6. Notices. All notices, requests, demands or other communications hereunder shall be in writing and given if delivered personally or by registered mail or national overnight courier or by facsimile to either party at the address set forth below, or at such other address as either party may designate in writing to the other:
If to the Company:
Thelen Reid & Priest
875 3rd Ave
New York, NY 10022-6255
6.01. Entire Agreement. This Agreement contains the entire understanding of the parties with respect to the subject matter hereof and supersedes any prior agreement between the parties. If there is any conflict between the provisions of this Agreement and those in any other agreement, the provisions of this Agreement shall govern. No change, termination or attempted waiver of any of the provisions hereof shall be binding unless in writing and signed by the party against whom the same is sought to be enforced.
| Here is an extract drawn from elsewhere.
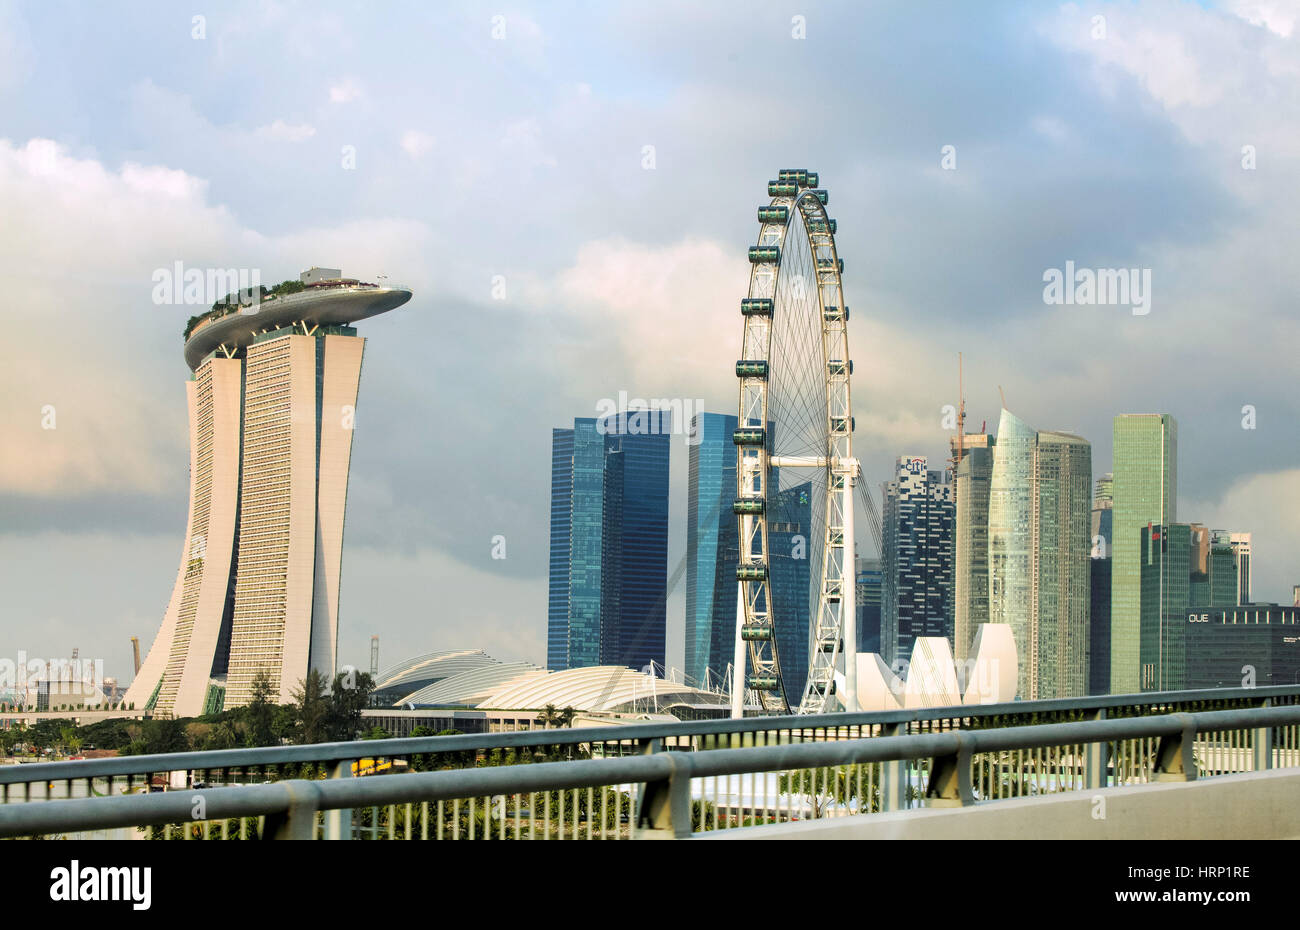 Riesenrad Singapore Flyer, futuristische Marina Bay Sands Hotel, Architekten Moshe Safdie, Marina Bay, zentralen Kern,, Singapur, Asien, Singapur Stockfoto

6.02. Successors and Assigns; Binding Effect. This Agreement will be binding upon and inure to the benefit of the Company and its successors and assigns, and the
Consultant, and his heirs and administrators. The Company may assign this Agreement to any corporation which is in a consolidated group with the Company or which acquires the Company.
6.03. Waiver and Severability. The waiver by either party of a breach of any terms or conditions of this Agreement shall not operate or be construed as a waiver of any subsequent breach by such party. In the event that any one or more of the provisions of this Agreement shall be declared to be illegal or unenforceable under any law, rule or regulation of any government having jurisdiction over the parties hereto, such illegality or unenforceability shall not affect the validity and enforceability of the other provisions of this Agreement.
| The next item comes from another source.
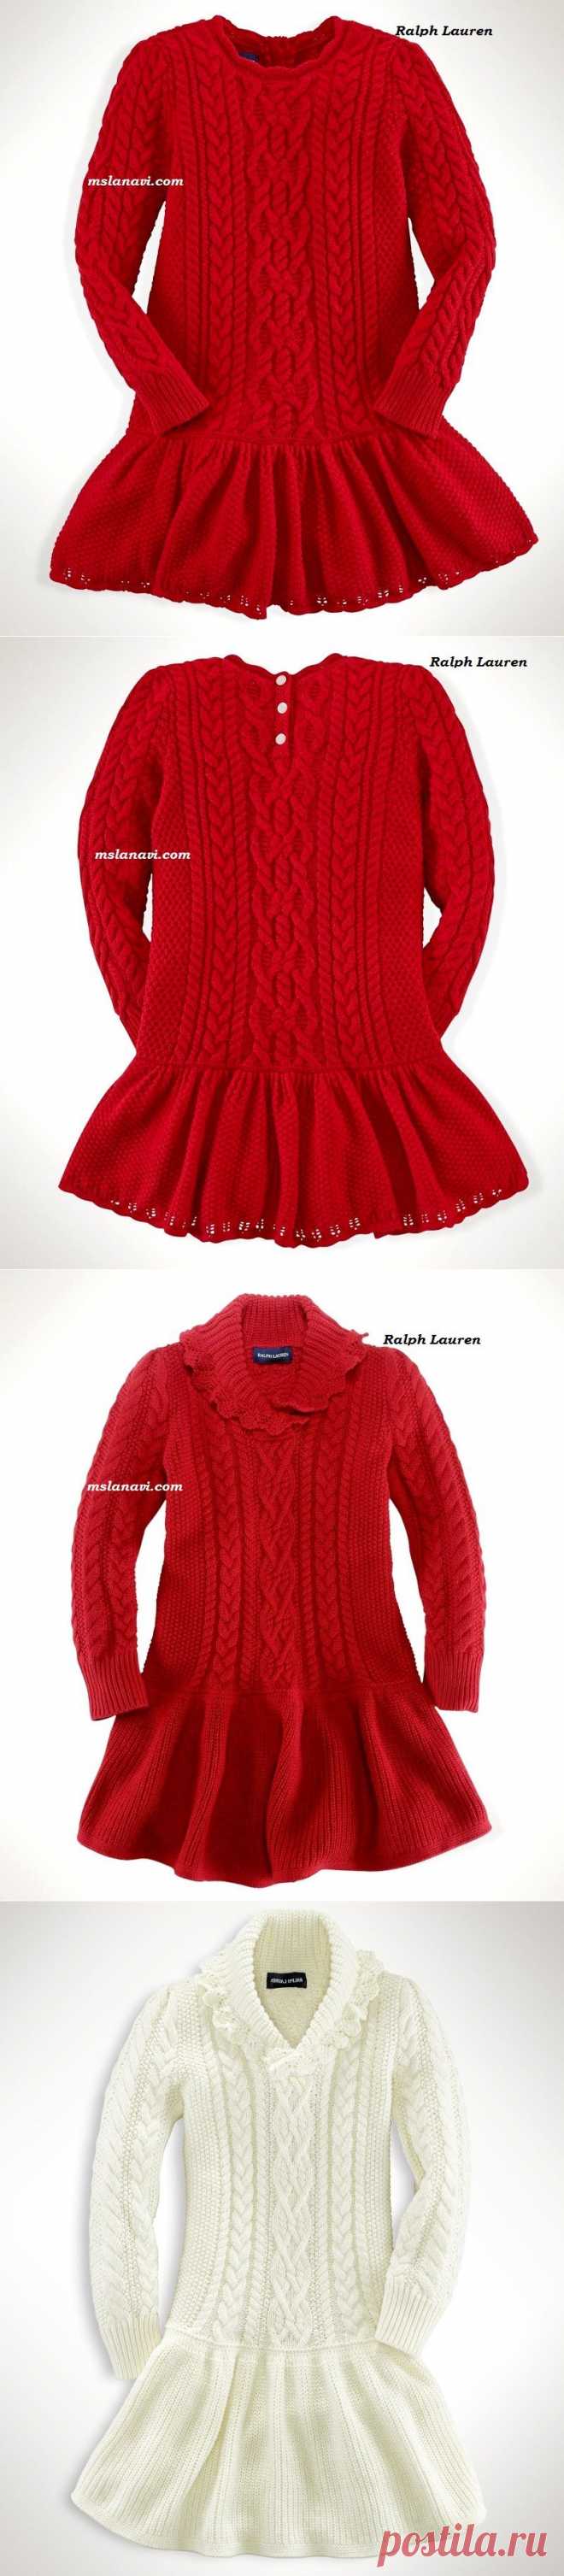 Вяжем с Ланой » Красивые вязаные платья для девочек от Ralph Lauren

6.04. Heading; Interpretations. The headings and captions used in this Agreement are for convenience only and shall not be construed in interpreting this Agreement.
6.05. Governing Law. All matters concerning the validity and interpretation of and performance under this Agreement shall be governed by the laws of the State of New York without regard to the conflicts of law principles thereof.
6.06. Counterparts. This Agreement may be executed in counterparts, each of which shall be deemed an original, and all of which shall constitute a single instrument.
IN WITNESS WHEREOF, the parties hereto have executed this Agreement as of the date first above written.
|By:||/s/ Rina S. Kurz|
|Rina S. Kurz|
|Angion Biomedica Corp|
|By||/s/ Bruce Rich|
January 1st 2009 Addendum to the January 1st 2005 Consulting
Agreement between Rina Kurz & Angion Biomedica Corp
WHEREAS, the Consultant desires to continue to provide consulting services and related services described in the initial agreement dated 1st of January, 2005 to the Company and
WHEREAS, the Company desires to continue to retain the Consultant, and the Consultant desires to be retained by the Company to perform the services described in the initial consulting agreement under the same conditions contained in the initial consulting agreement.
NOW, THEREFORE, the parties agree to increase the annual compensation cap to $98,000 instead of $70,000 (Section 3.01 of the consulting agreement).
All other terms and conditions remain unchanged as per the initial January 1st, 2005 consulting agreement.